Selonsertib has failed to meet the pre-specified week 48 primary endpoint of a ≥ 1-stage histologic improvement in fibrosis without worsening of NASH.
Stellar-4 is a phase 3 randomized, double-blind and placebo-controlled study designed to assess the safety and efficacy of selonsertib in patients with compensated cirrhosis (F4) due to NASH.
According to the company, the 877-patient study showed that 14.4% of patients treated with selonsertib 18mg and 12.5% of patients treated with selonsertib 6mg achieved a ≥ 1-stage improvement in fibrosis as per the NASH Clinical Research Network (CRN) classification without worsening of NASH after 48 weeks of treatment, compared against 12.8% of patients who received placebo.
Gilead will work with the Data Monitoring Committee and investigators to complete the Stellar-4 study without compromising on the interests of each patient.
Selonsertib is an investigational, once-daily and oral inhibitor of apoptosis signal-regulating kinase 1 (ASK1), which promotes inflammation, apoptosis (cell death) and fibrosis in settings of oxidative stress
Selonsertib, cilofexor and firsocostat, alone or in combination, are investigational compounds, and did not secured approval from the US Food & Drug Administration (FDA) or any other regulatory authority.
Selonsertib, cilofexor and firsocostat, alone or in combination, are investigational compounds and are not approved by the U.S. Food & Drug Administration (FDA) or any other regulatory authority. Safety and efficacy have not been established for these agents.
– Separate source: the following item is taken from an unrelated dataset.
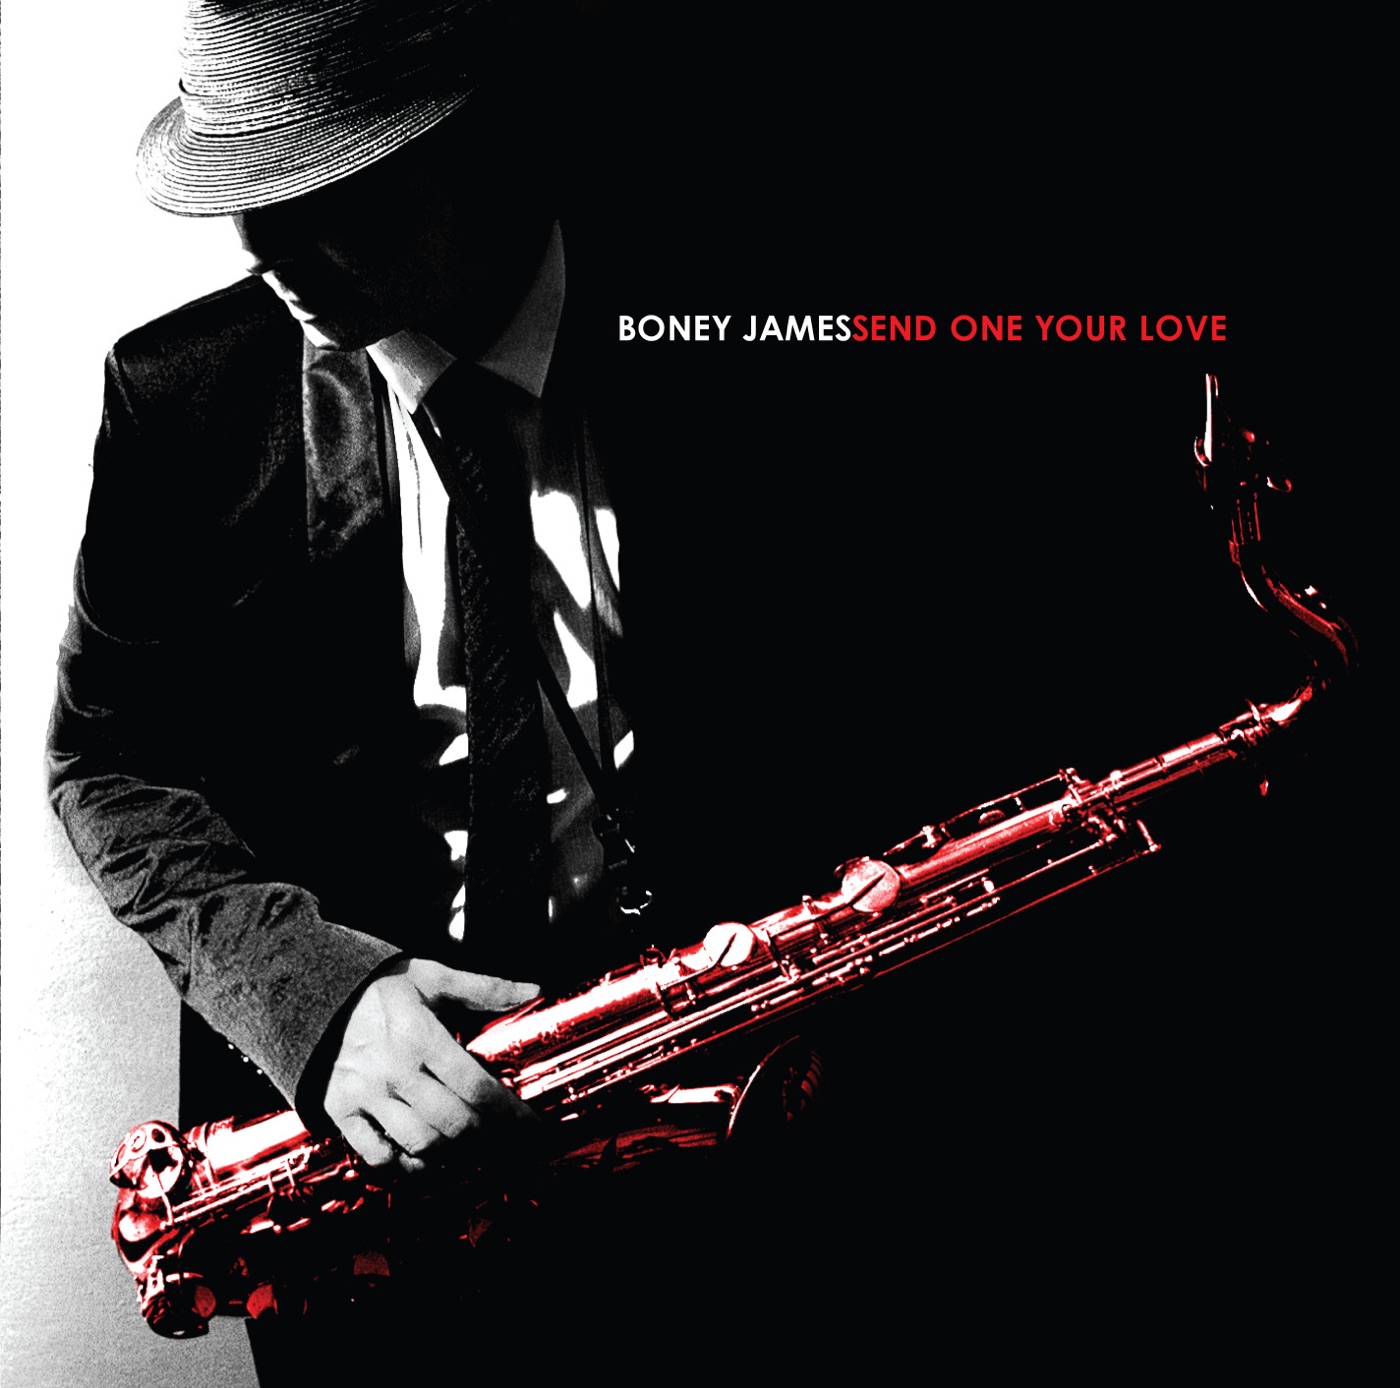 Send One Your Love by Boney James

Gilead research and development head and chief scientific officer Dr John McHutchison said: “While we are disappointed that the STELLAR-4 study did not achieve its primary endpoint, we remain committed to advancing therapies for patients with advanced fibrosis due to NASH, where there is a significant unmet need for effective and well-tolerated treatments.
“Gilead has a long-term commitment and proven track record of addressing significant challenges in the field of liver diseases. Data from this large study of patients with compensated cirrhosis due to NASH, including the extensive set of biomarkers collected, will further advance our understanding of the disease and inform our broader NASH development programs.”